◆ **THE TASK**
Leaving the pictures aside, return the listing exactly as it appears.

======== PROVIDED DATA ========

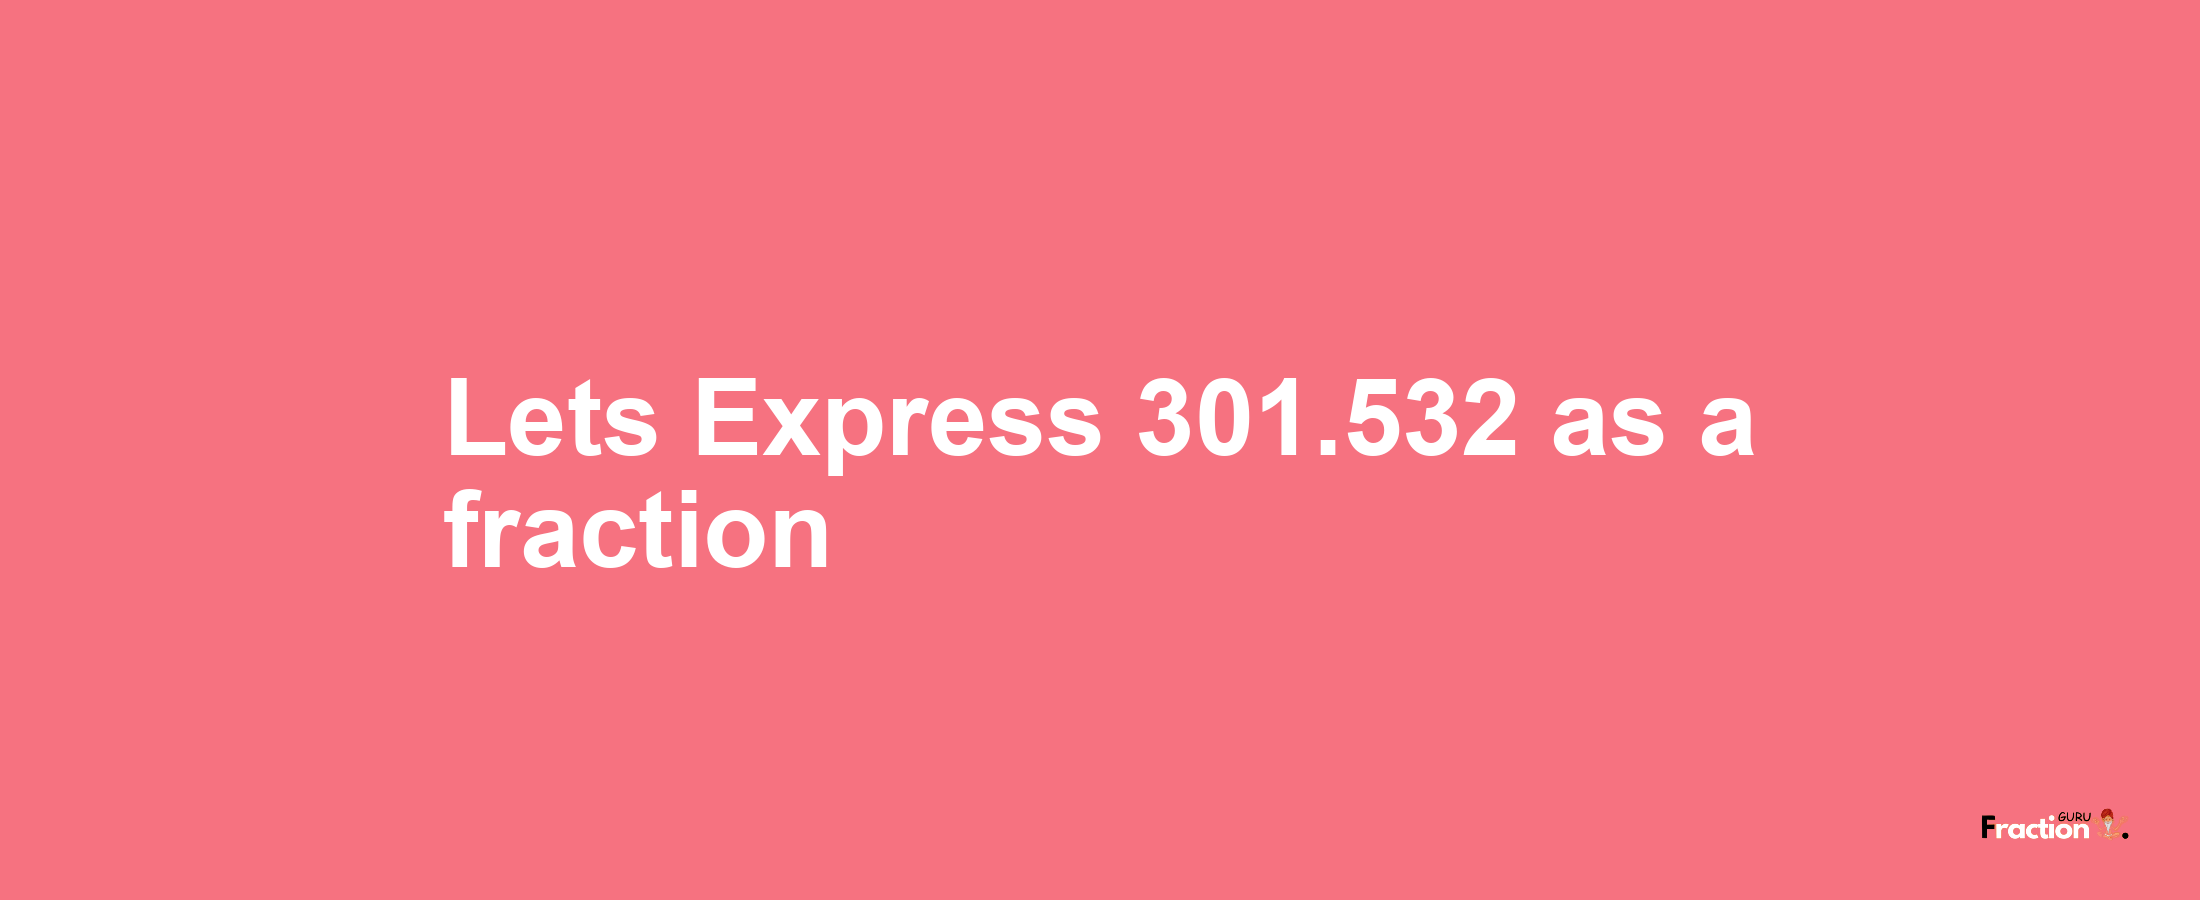 Lets Express 301.532 as afraction
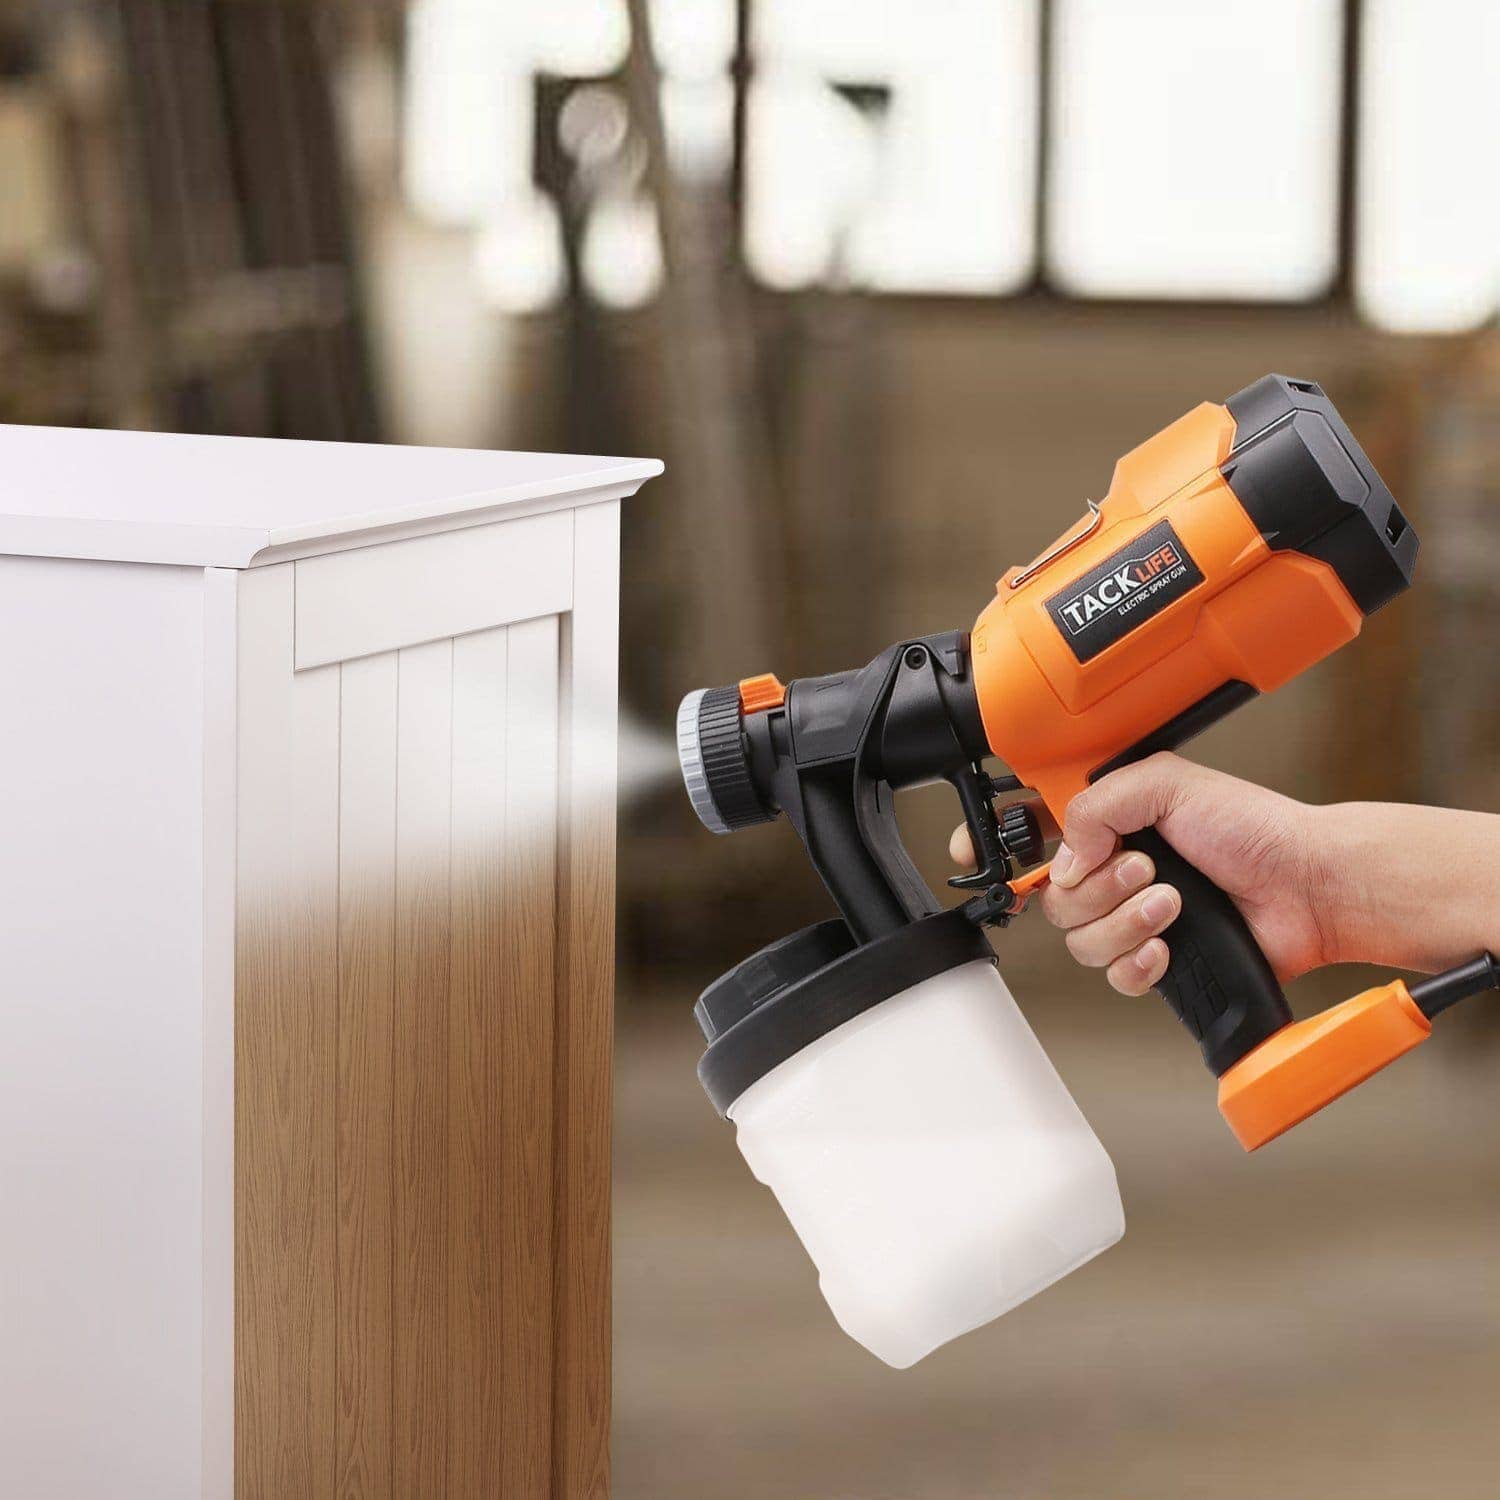 5 Best Paint Sprayers for Furniture 2023 - Reviews & Buying Guide
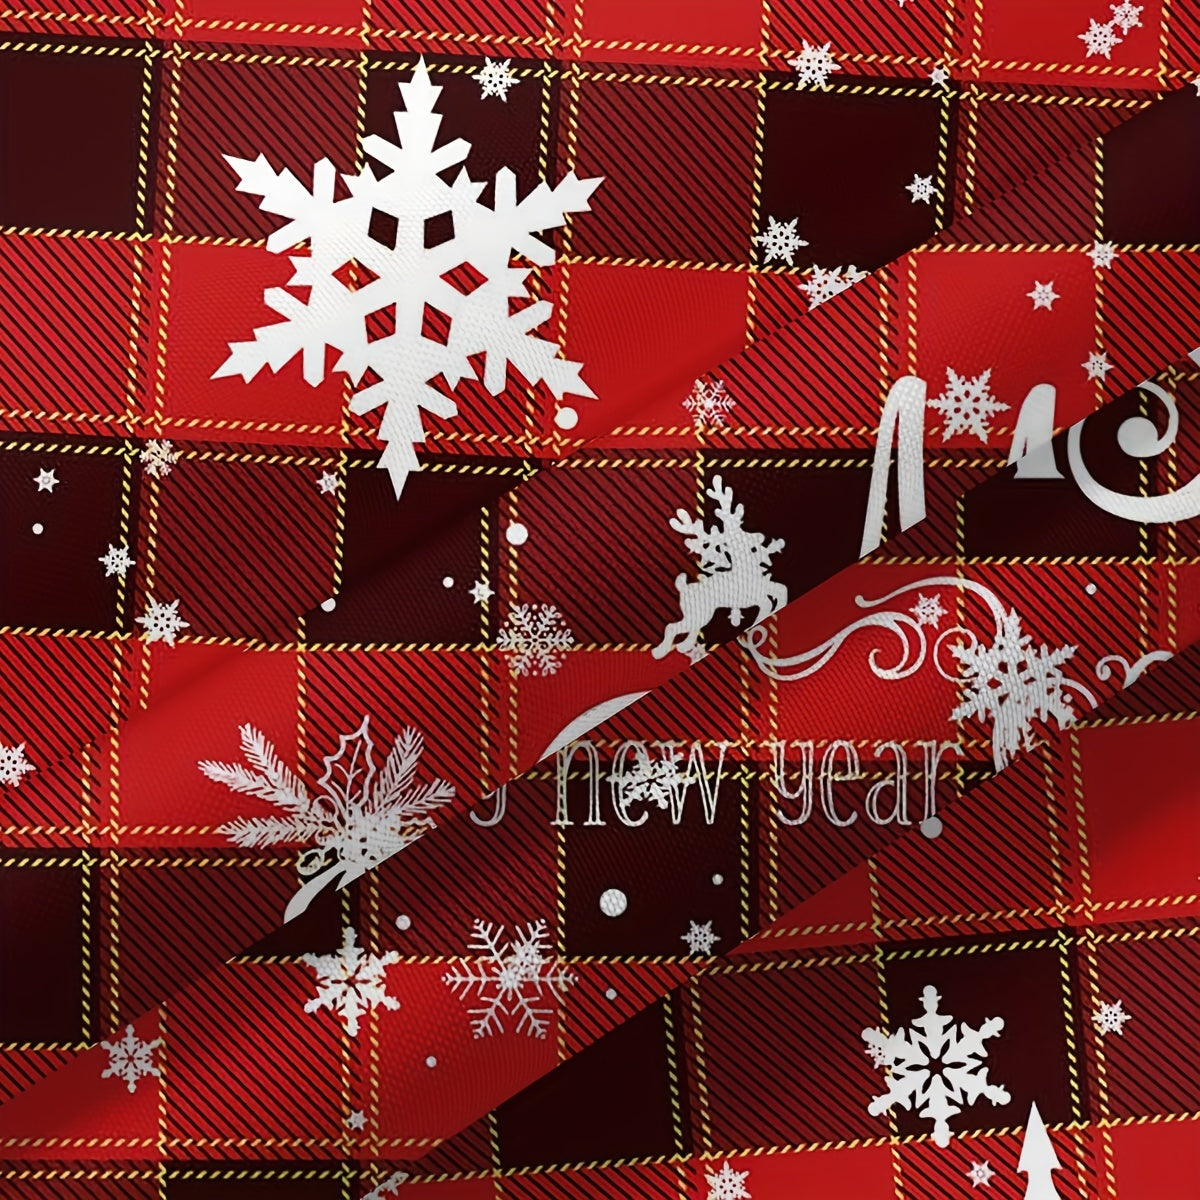 1pc, Polyester Table Cloth, Merry Christmas Table Cover, Red Black Plaid Snowflake Pattern Table Cover, Christmas Atmospheric Tablecloth, Holiday Desktop Decoration Fabric Table Cloth, Home Decoration, Christmas Decor, Gift
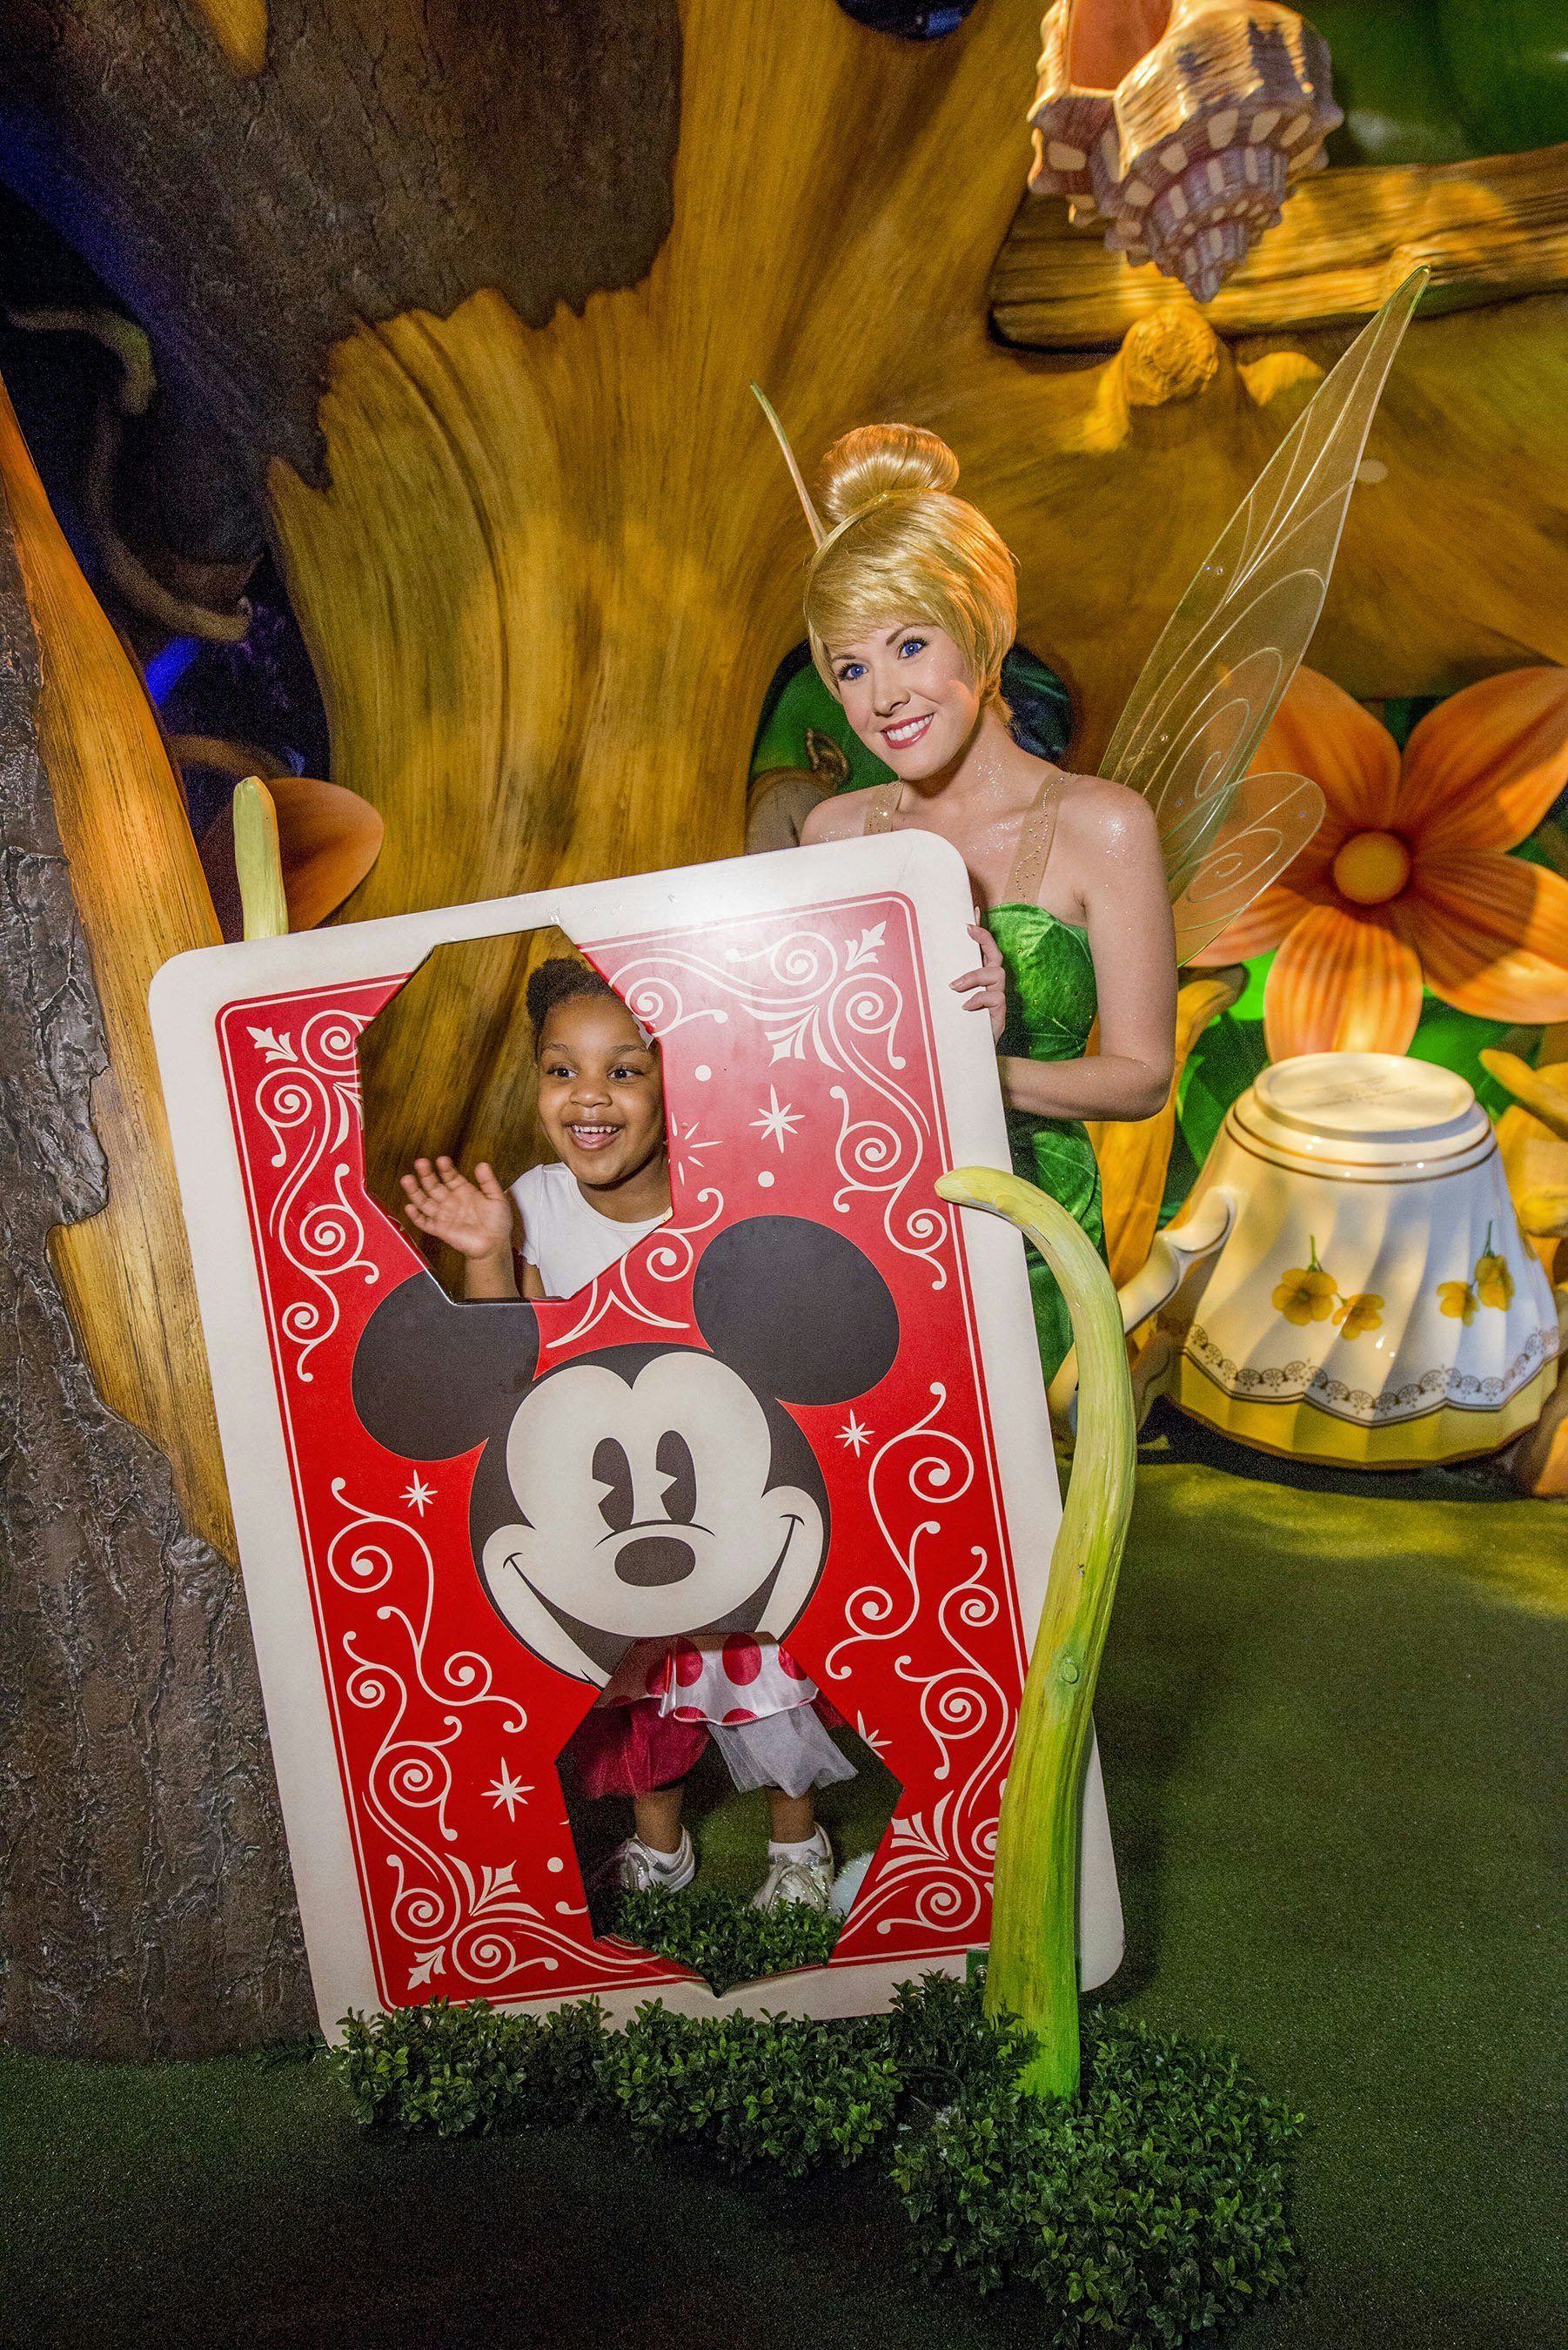 Tinker Bell strikes a pose with a young girl behind a large Mickey Mouse playing card

========

◆ **EXPECTED ANSWER**
 Lets Express 301.532 as afraction
 5 Best Paint Sprayers for Furniture 2023 - Reviews & Buying Guide
 1pc, Polyester Table Cloth, Merry Christmas Table Cover, Red Black Plaid Snowflake Pattern Table Cover, Christmas Atmospheric Tablecloth, Holiday Desktop Decoration Fabric Table Cloth, Home Decoration, Christmas Decor, Gift
 Tinker Bell strikes a pose with a young girl behind a large Mickey Mouse playing card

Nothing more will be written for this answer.